▶ [Task to complete] Reproduce the full listing below unchanged, apart from the pictures.

▶ [Collected data]
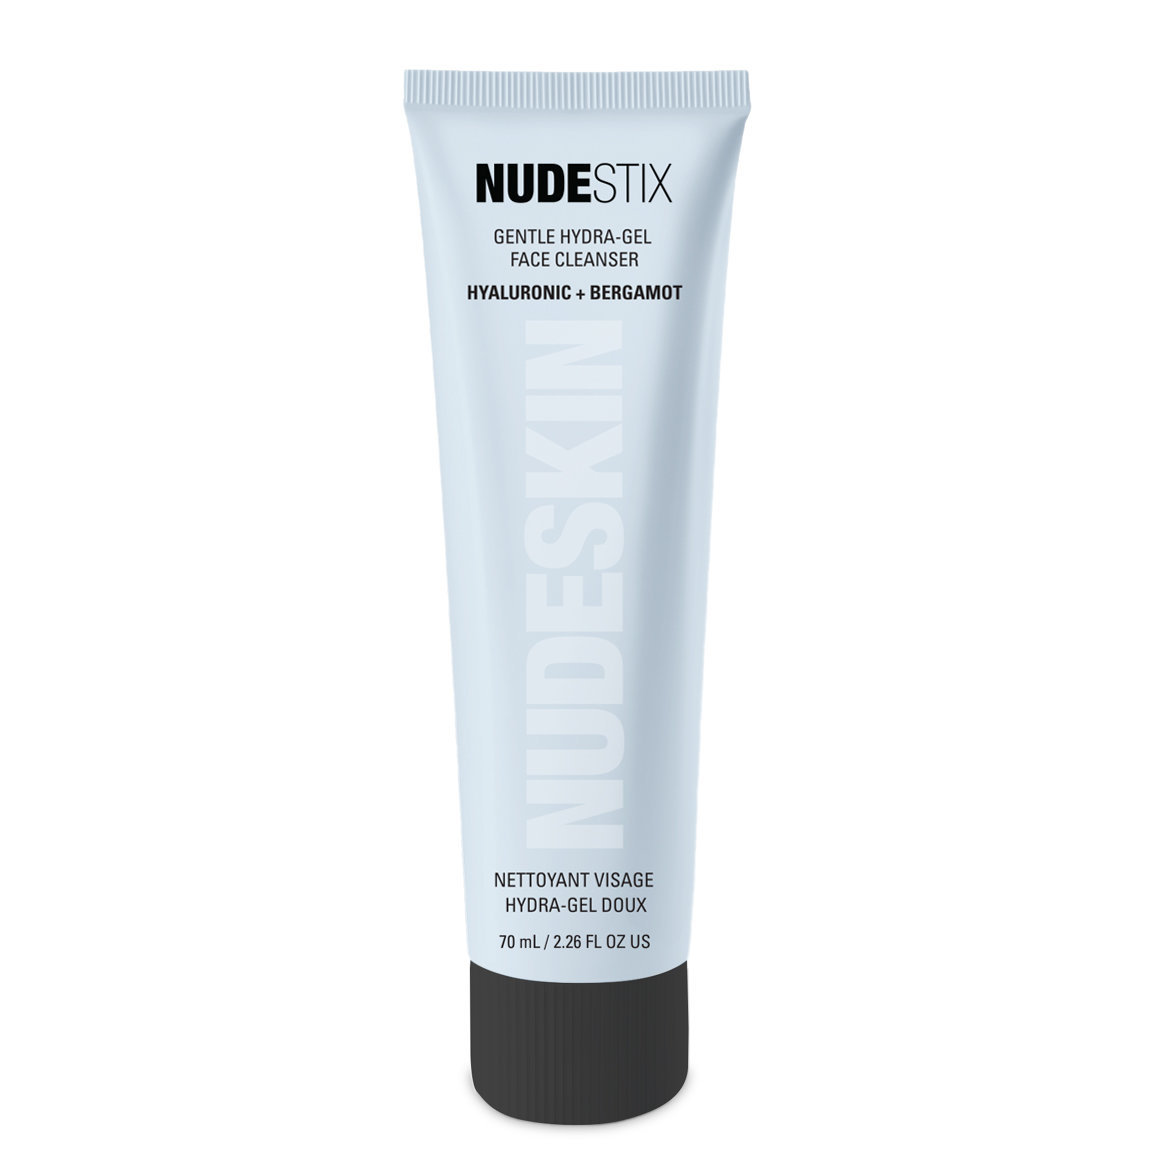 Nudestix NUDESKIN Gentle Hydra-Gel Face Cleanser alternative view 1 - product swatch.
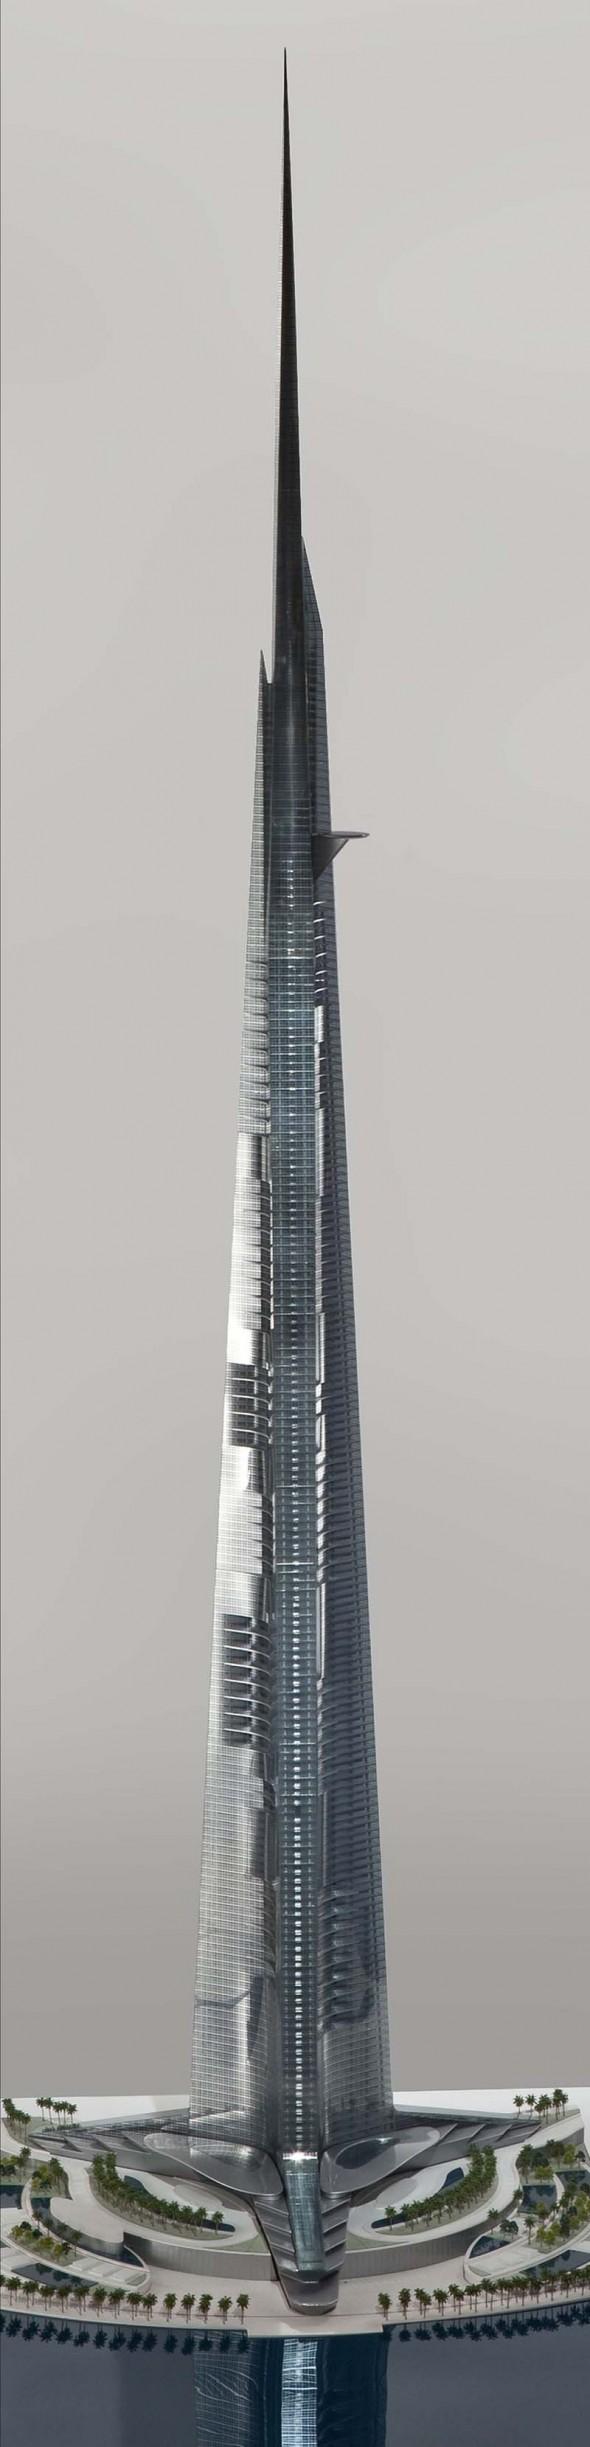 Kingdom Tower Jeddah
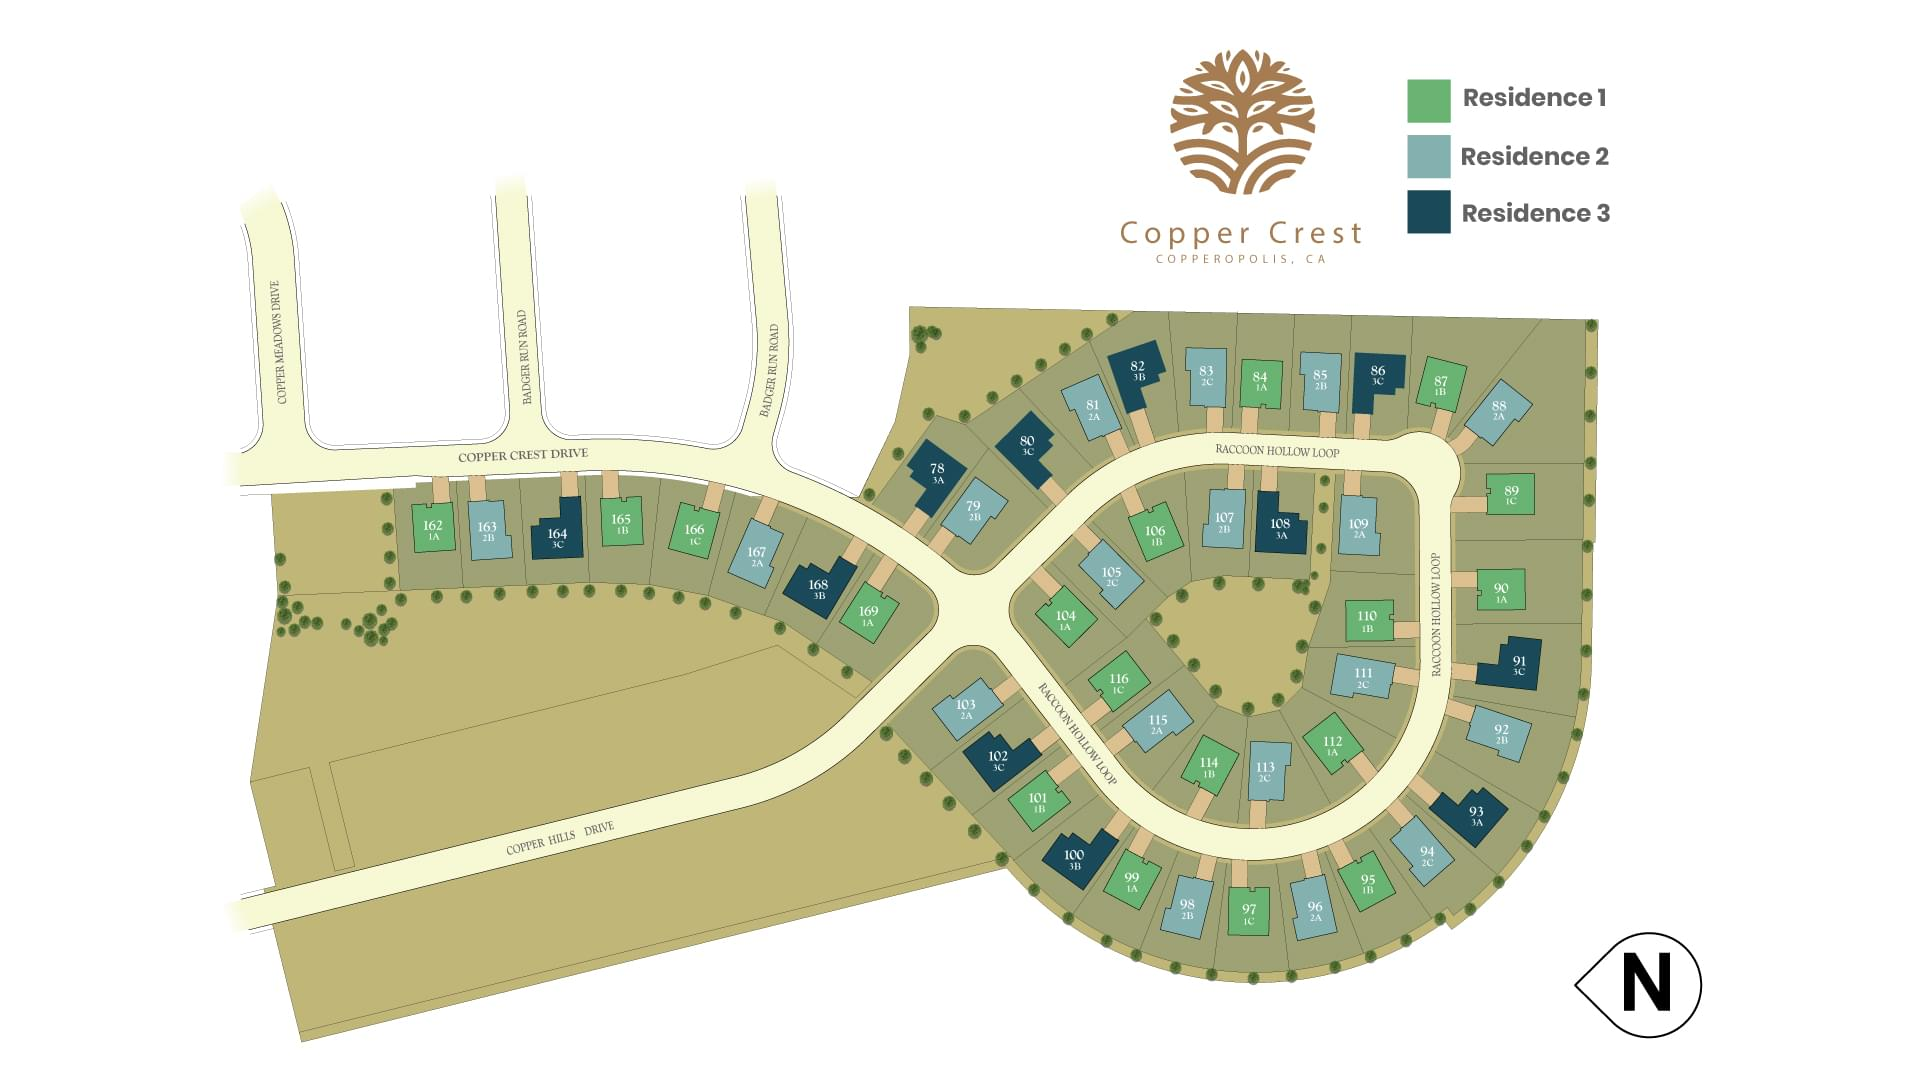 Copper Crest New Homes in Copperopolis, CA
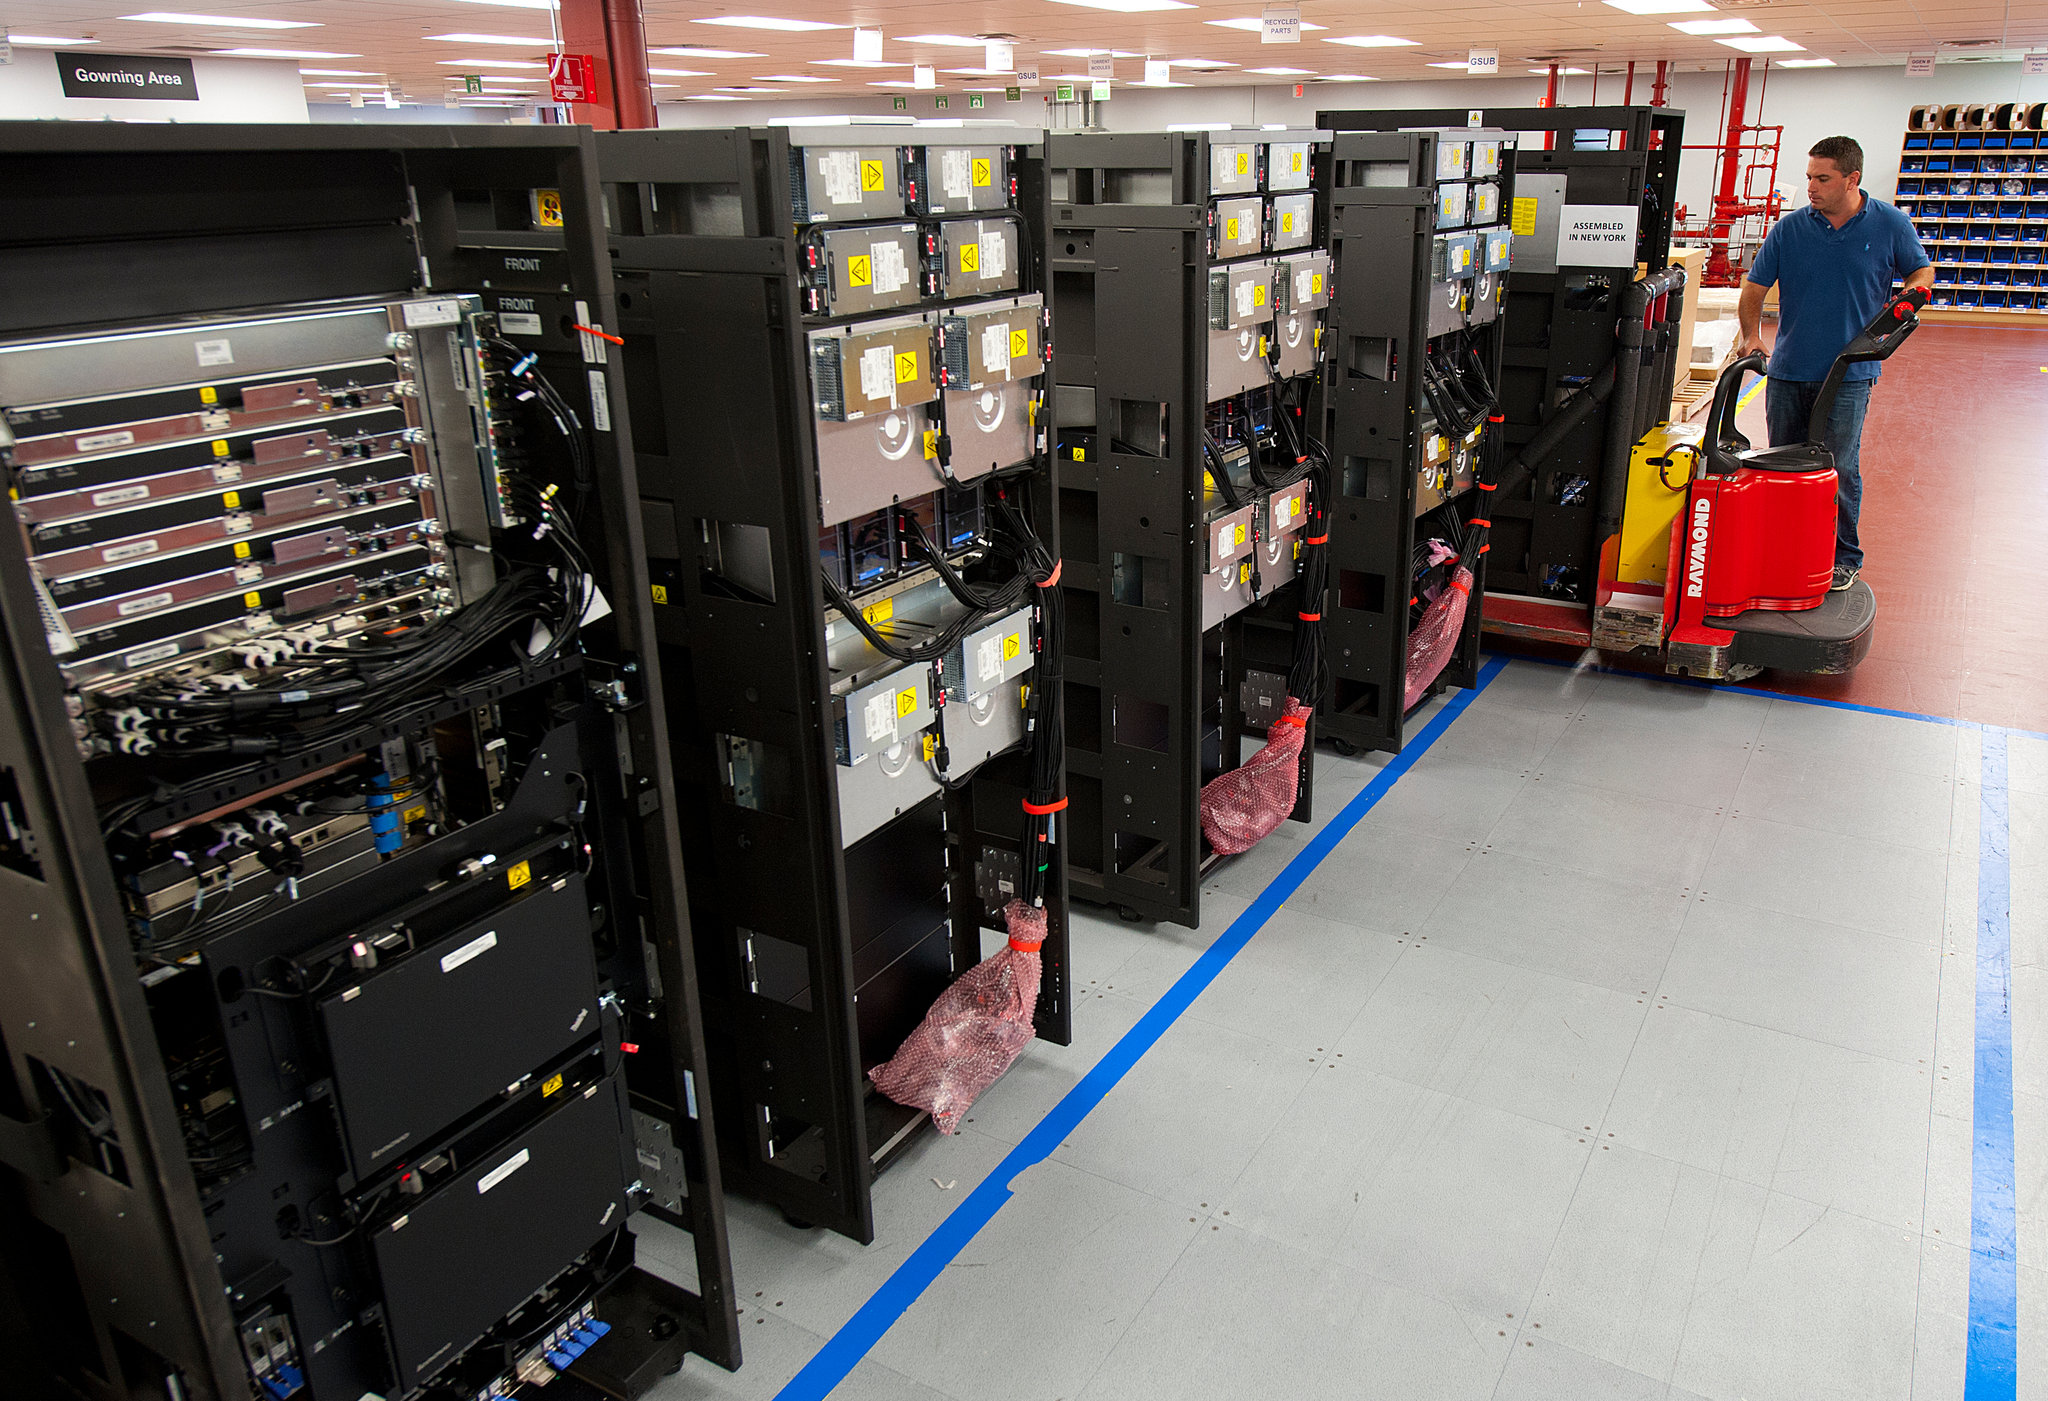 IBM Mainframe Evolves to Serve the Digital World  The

▶ [Finished task]
 Nudestix NUDESKIN Gentle Hydra-Gel Face Cleanser alternative view 1 - product swatch.
 Kingdom Tower Jeddah
 Copper Crest New Homes in Copperopolis, CA
 IBM Mainframe Evolves to Serve the Digital World  The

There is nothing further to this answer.